Source data

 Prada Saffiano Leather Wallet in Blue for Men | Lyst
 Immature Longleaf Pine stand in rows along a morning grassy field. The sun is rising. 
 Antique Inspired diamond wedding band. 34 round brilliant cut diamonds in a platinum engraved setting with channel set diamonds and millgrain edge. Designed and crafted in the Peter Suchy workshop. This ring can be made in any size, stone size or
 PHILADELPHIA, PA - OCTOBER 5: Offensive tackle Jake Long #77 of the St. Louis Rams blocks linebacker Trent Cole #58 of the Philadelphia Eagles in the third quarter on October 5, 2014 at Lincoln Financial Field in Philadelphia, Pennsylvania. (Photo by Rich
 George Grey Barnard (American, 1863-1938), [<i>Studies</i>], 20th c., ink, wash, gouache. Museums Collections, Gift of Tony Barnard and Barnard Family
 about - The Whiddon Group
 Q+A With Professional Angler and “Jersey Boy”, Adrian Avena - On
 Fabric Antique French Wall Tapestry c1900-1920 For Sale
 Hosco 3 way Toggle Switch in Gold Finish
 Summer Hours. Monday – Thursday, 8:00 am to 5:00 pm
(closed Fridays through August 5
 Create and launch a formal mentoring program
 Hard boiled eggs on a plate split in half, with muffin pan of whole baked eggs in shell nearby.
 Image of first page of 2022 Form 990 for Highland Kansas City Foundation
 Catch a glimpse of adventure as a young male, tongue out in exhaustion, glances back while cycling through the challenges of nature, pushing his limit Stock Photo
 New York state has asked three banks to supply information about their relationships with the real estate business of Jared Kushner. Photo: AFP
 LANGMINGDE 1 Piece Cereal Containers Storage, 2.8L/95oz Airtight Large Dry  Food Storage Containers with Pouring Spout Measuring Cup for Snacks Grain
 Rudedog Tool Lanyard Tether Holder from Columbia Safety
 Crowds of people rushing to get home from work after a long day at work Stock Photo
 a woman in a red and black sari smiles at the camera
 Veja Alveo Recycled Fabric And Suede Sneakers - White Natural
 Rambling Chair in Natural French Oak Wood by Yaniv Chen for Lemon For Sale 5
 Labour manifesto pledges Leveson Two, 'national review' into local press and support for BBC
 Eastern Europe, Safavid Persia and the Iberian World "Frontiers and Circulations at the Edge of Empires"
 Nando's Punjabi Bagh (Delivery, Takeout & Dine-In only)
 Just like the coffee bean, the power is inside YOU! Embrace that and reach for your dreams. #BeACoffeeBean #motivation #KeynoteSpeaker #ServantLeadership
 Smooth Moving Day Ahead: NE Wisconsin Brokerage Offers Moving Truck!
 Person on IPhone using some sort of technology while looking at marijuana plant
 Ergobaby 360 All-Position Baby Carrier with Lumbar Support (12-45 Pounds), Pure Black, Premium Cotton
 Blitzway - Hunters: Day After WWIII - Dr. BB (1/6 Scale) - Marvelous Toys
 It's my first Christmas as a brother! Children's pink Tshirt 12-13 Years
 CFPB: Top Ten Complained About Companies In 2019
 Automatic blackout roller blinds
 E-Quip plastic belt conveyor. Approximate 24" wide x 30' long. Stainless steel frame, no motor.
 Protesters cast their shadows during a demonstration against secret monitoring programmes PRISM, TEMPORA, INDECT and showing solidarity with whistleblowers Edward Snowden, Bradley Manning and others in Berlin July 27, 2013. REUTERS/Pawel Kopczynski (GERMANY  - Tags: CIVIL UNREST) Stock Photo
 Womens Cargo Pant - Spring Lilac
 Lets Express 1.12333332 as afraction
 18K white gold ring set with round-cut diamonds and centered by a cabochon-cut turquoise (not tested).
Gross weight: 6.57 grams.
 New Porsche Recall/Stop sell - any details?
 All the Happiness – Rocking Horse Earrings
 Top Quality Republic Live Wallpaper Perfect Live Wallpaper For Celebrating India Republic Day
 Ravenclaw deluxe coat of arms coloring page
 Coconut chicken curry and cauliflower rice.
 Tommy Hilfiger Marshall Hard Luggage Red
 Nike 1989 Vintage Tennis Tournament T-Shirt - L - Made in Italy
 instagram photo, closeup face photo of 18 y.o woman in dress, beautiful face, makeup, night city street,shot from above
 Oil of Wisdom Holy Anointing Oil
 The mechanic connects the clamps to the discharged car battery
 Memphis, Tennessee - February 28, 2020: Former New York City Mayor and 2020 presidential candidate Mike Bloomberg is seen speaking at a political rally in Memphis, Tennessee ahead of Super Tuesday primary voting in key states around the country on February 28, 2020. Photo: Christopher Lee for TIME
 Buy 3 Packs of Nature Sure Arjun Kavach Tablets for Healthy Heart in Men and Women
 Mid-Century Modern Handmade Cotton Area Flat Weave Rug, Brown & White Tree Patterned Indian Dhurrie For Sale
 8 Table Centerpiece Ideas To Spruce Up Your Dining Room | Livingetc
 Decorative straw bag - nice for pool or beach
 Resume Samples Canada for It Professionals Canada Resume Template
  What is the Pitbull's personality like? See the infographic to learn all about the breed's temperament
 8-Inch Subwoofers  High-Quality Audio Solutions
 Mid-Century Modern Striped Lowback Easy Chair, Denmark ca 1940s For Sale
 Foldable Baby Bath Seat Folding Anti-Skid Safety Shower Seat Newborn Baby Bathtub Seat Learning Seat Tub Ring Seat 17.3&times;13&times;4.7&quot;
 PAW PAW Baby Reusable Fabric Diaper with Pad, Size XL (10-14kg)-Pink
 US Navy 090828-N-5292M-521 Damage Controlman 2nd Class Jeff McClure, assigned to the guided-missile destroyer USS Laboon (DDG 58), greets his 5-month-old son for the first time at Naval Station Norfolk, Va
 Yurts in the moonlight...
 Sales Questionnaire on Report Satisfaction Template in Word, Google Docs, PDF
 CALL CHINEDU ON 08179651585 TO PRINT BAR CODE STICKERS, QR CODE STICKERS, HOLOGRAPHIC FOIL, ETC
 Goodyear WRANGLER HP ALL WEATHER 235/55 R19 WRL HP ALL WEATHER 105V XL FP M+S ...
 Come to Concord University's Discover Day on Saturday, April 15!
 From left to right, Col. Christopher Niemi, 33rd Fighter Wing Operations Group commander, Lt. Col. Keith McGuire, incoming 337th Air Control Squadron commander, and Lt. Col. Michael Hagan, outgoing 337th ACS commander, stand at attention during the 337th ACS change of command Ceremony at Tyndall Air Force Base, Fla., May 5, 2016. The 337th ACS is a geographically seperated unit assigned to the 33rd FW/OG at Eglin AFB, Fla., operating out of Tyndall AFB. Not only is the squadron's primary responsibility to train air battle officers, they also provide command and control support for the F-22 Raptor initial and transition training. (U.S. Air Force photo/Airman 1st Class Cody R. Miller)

## The task
Only the lines from the first line of the records through the line containing "New York state" should be repeated, exactly as they appear.

## Task output
 Prada Saffiano Leather Wallet in Blue for Men | Lyst
 Immature Longleaf Pine stand in rows along a morning grassy field. The sun is rising. 
 Antique Inspired diamond wedding band. 34 round brilliant cut diamonds in a platinum engraved setting with channel set diamonds and millgrain edge. Designed and crafted in the Peter Suchy workshop. This ring can be made in any size, stone size or
 PHILADELPHIA, PA - OCTOBER 5: Offensive tackle Jake Long #77 of the St. Louis Rams blocks linebacker Trent Cole #58 of the Philadelphia Eagles in the third quarter on October 5, 2014 at Lincoln Financial Field in Philadelphia, Pennsylvania. (Photo by Rich
 George Grey Barnard (American, 1863-1938), [<i>Studies</i>], 20th c., ink, wash, gouache. Museums Collections, Gift of Tony Barnard and Barnard Family
 about - The Whiddon Group
 Q+A With Professional Angler and “Jersey Boy”, Adrian Avena - On
 Fabric Antique French Wall Tapestry c1900-1920 For Sale
 Hosco 3 way Toggle Switch in Gold Finish
 Summer Hours. Monday – Thursday, 8:00 am to 5:00 pm
(closed Fridays through August 5
 Create and launch a formal mentoring program
 Hard boiled eggs on a plate split in half, with muffin pan of whole baked eggs in shell nearby.
 Image of first page of 2022 Form 990 for Highland Kansas City Foundation
 Catch a glimpse of adventure as a young male, tongue out in exhaustion, glances back while cycling through the challenges of nature, pushing his limit Stock Photo
 New York state has asked three banks to supply information about their relationships with the real estate business of Jared Kushner. Photo: AFP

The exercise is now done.